An Elementary Proposition

Adolf Krischanitz, Laboratory Building, Basel, 2005–2008.

“Elements” have always numbered among the fixed topoi of any conceptual preoccupation of architectural theory. They have long proven to be a central point of departure for inquiries into architectural practice. Leon Battista Alberti granted the “elements” of architecture a pivotal role in his third book, which he devoted to construction (1443–1452). Henry Wotton published his loose translation of Vitruvius under the title Elements of Architecture (1624). Four “elements” were the fundament on which Gottfried Semper first endeavored to formulate a global theory of architecture (1851).

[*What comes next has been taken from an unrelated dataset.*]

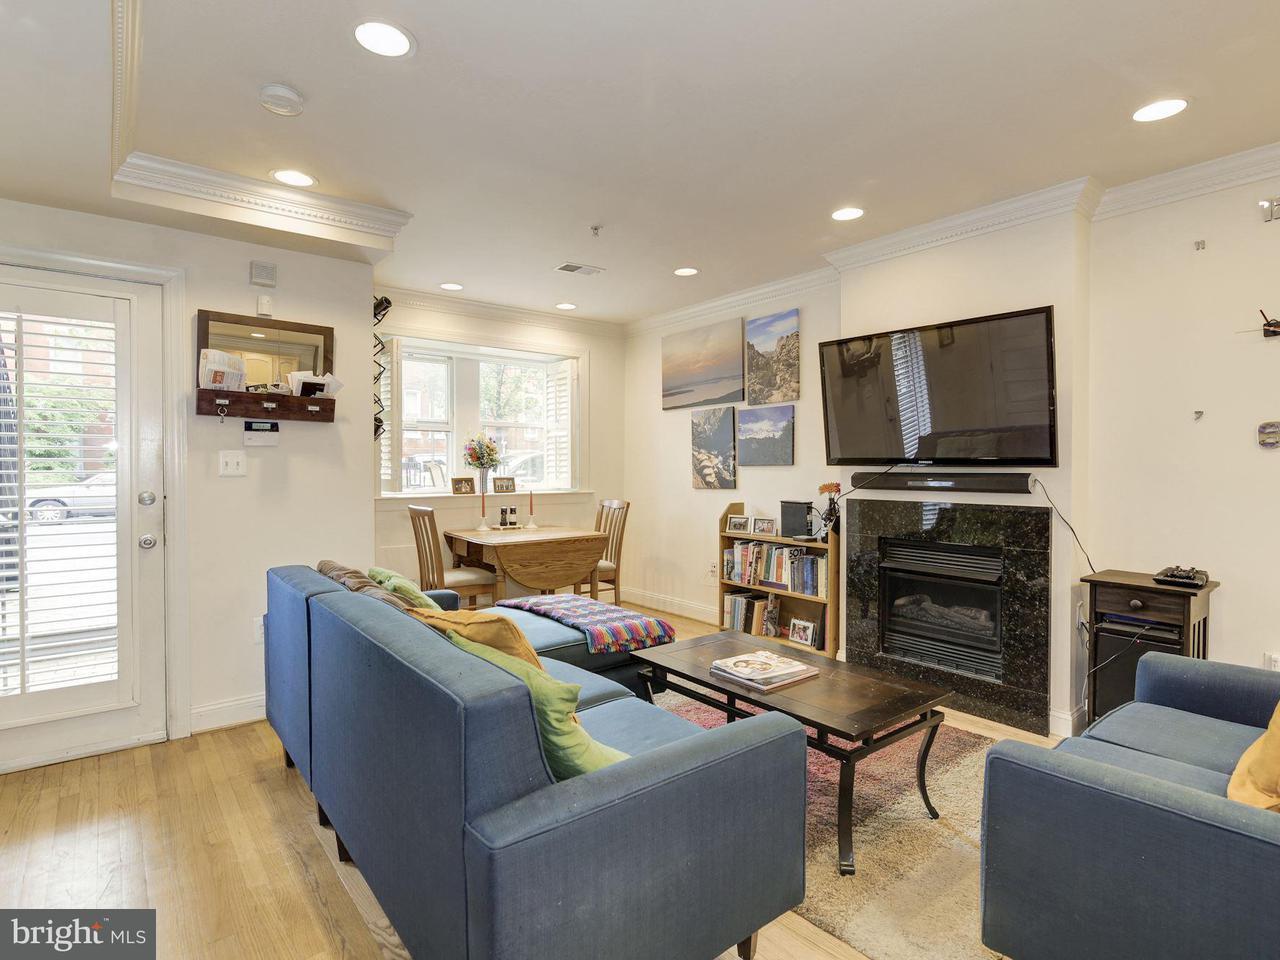 Single Family for Sale at 806 Maryland Ave NE #11 Washington, District Of Columbia 20002 United States

Josef Durm, in what was the most comprehensive manual of his day, summarized “constructions delimiting space” under the name “architectural elements” (1920). And it was under five points, if not elements, that Le Corbusier laid out his theory of modern architecture (1927). These texts as well as many others all aspire to scrutinize the complexity of architectural practice according to its contemporary logics, and in turn, to propose new models for it. Semper proposed his four elements to prompt a rethink of the Vitruvian architectural tradition and, against the backdrop of a newly accessible global architecture, forge it anew. Le Corbusier’s five points, for their part, constitute a radical attempt to come to terms with the functional, structural, and aesthetic repercussions of a novel material—reinforced concrete. This dual aspiration is architectural theory’s contribution to its time. Historically embedded, it fuses discourse that is concerned with the rules of the architectural discipline with cultural discourse on, and about architecture.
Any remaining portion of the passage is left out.